## PROBLEM
Once you reach the line with "Playa Ruin. Site seeing" in the material below, copy each line exactly up to and including the line with "Mp T-shirt Luxe", and skip the pictures.

:: DATASET CONTENT

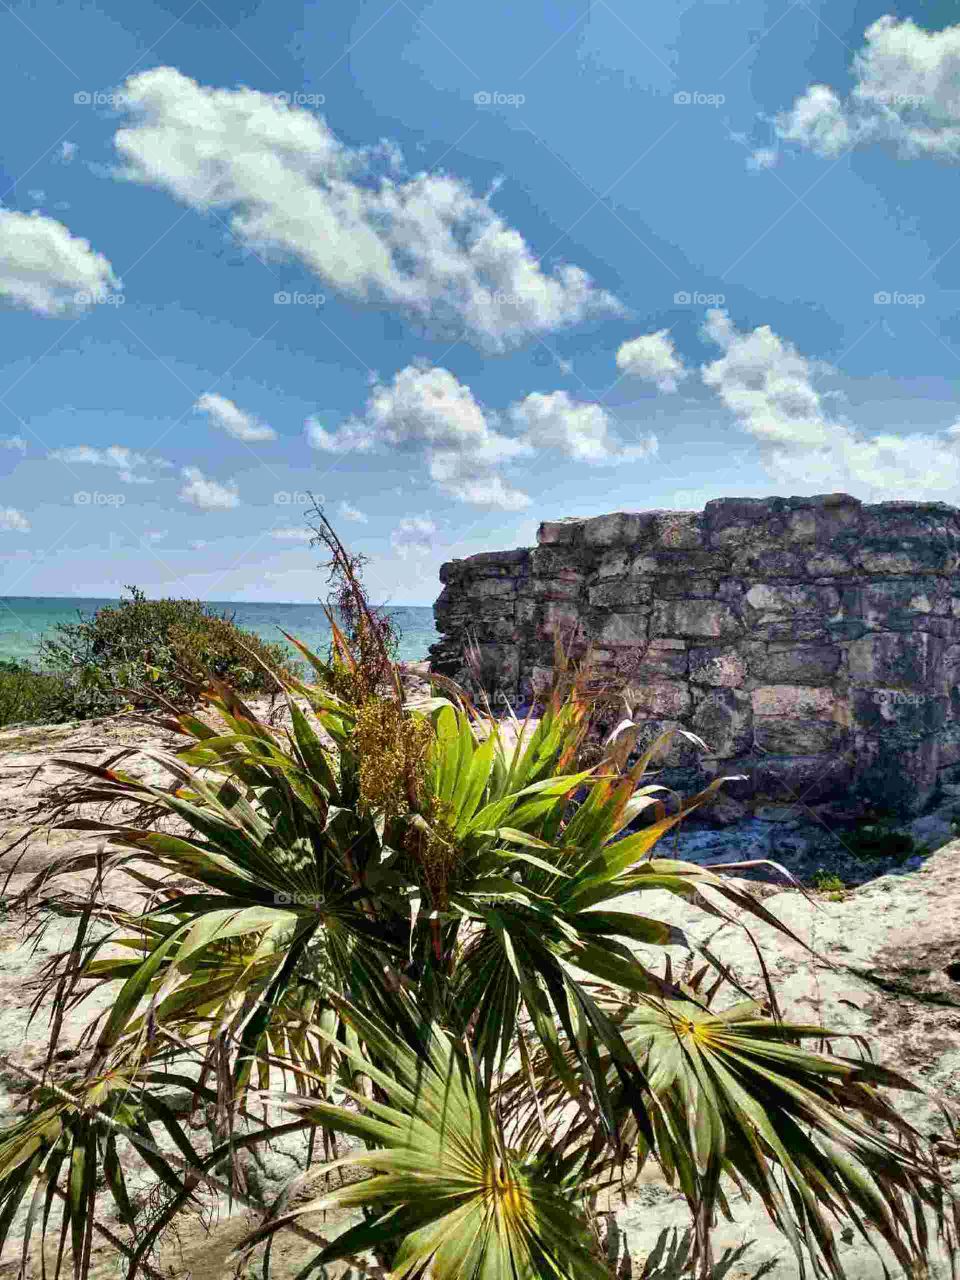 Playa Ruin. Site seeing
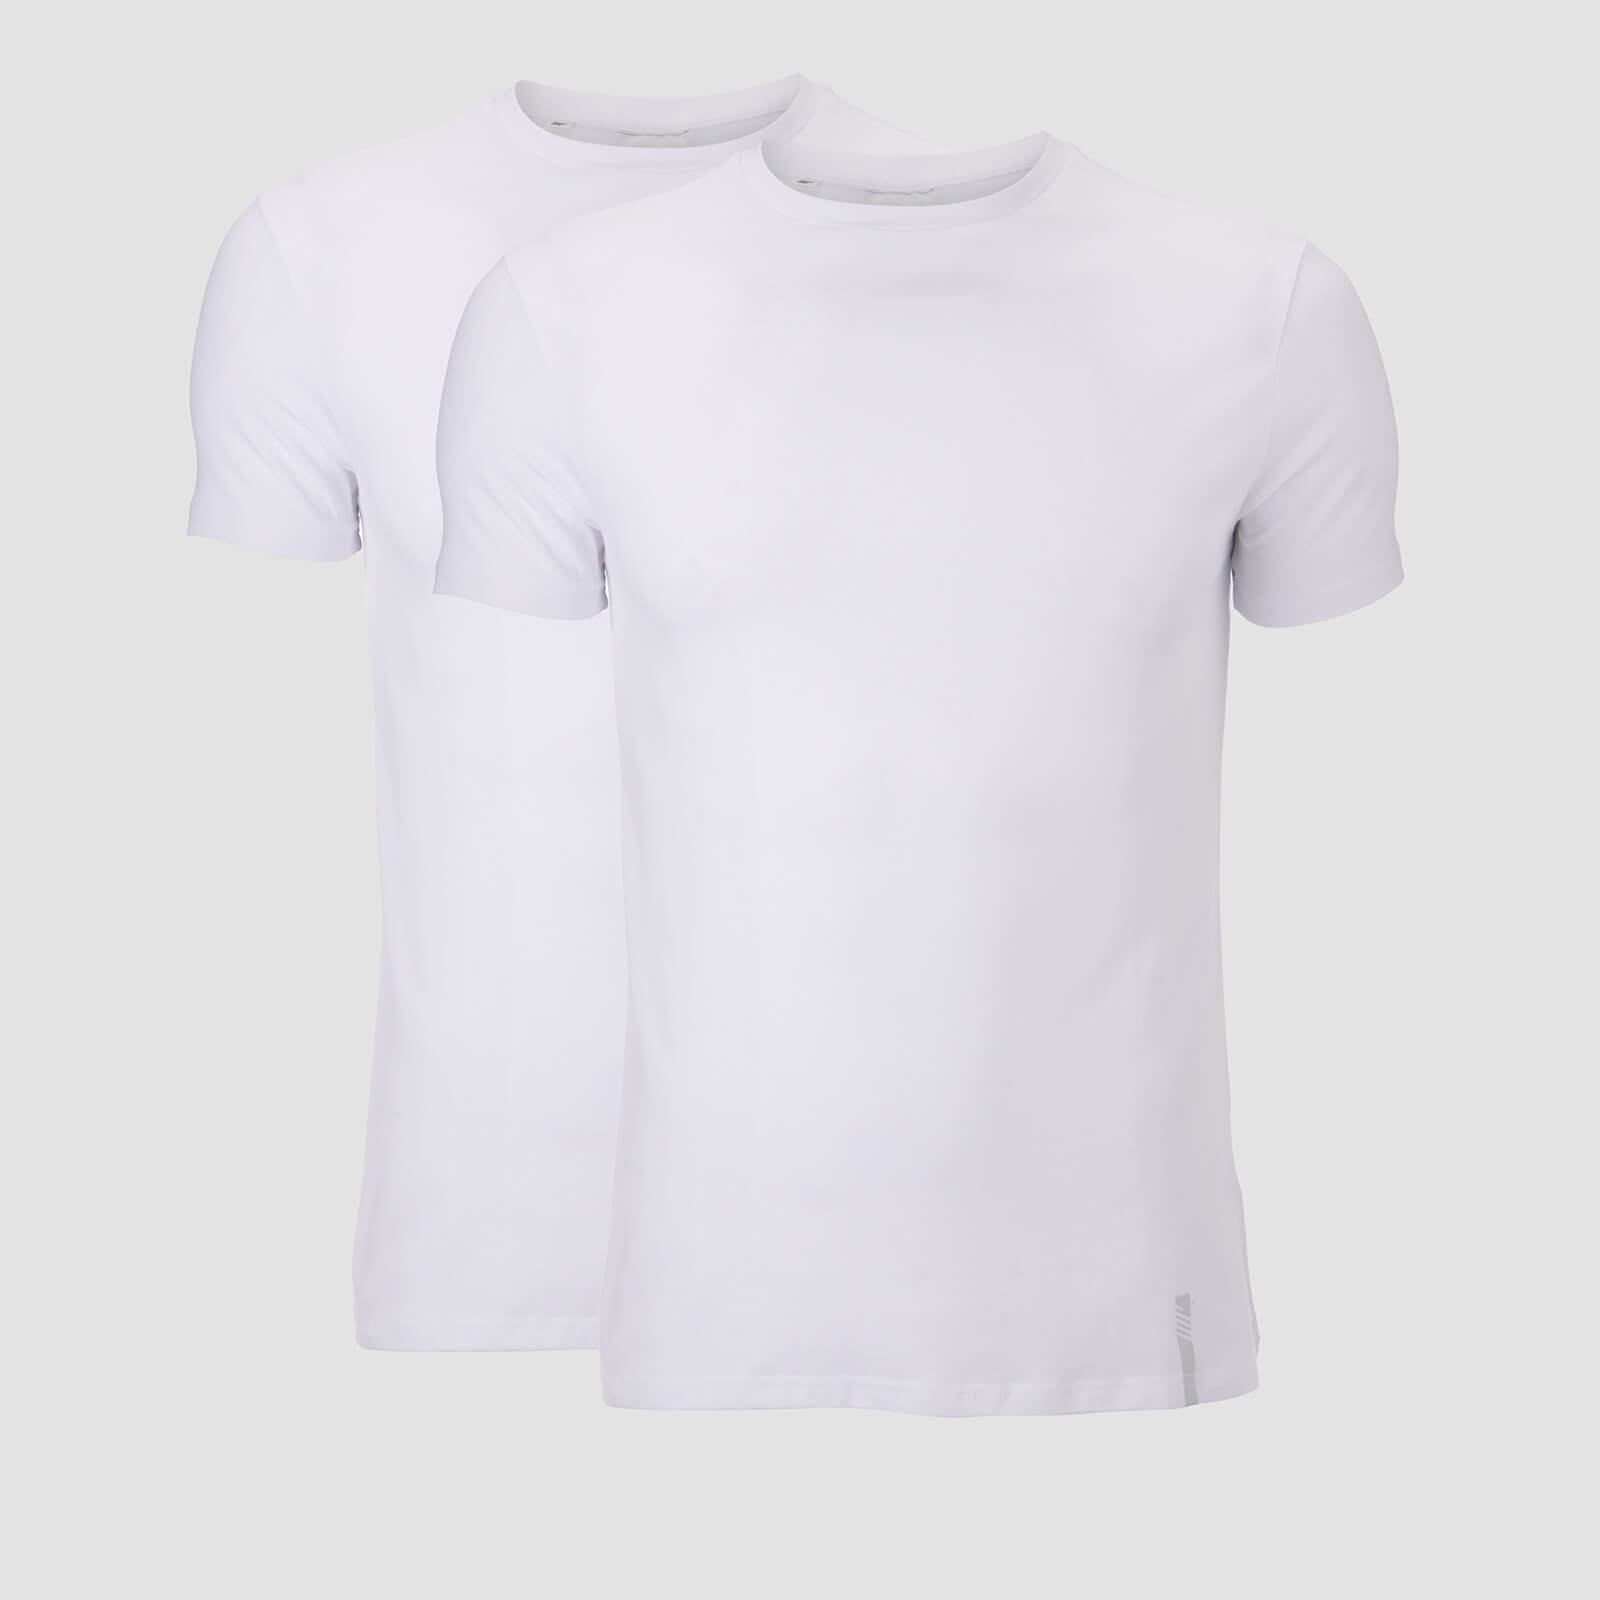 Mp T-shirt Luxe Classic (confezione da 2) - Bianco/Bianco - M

::::
:: DATASET CONTENT

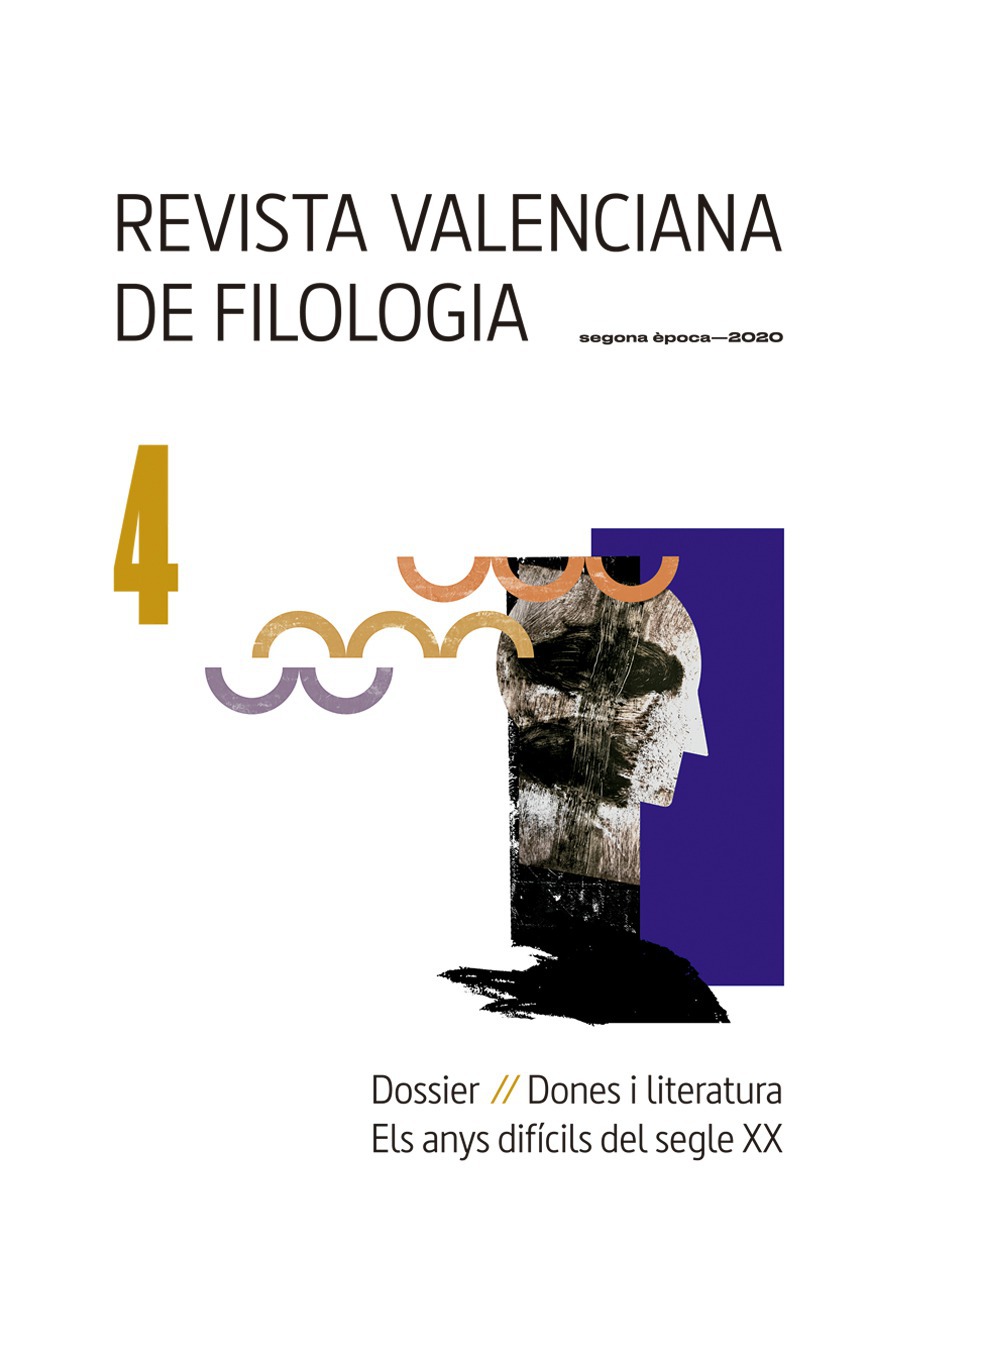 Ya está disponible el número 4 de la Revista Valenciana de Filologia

::::

## RESPONSE AREA
 Playa Ruin. Site seeing
 Mp T-shirt Luxe Classic (confezione da 2) - Bianco/Bianco - M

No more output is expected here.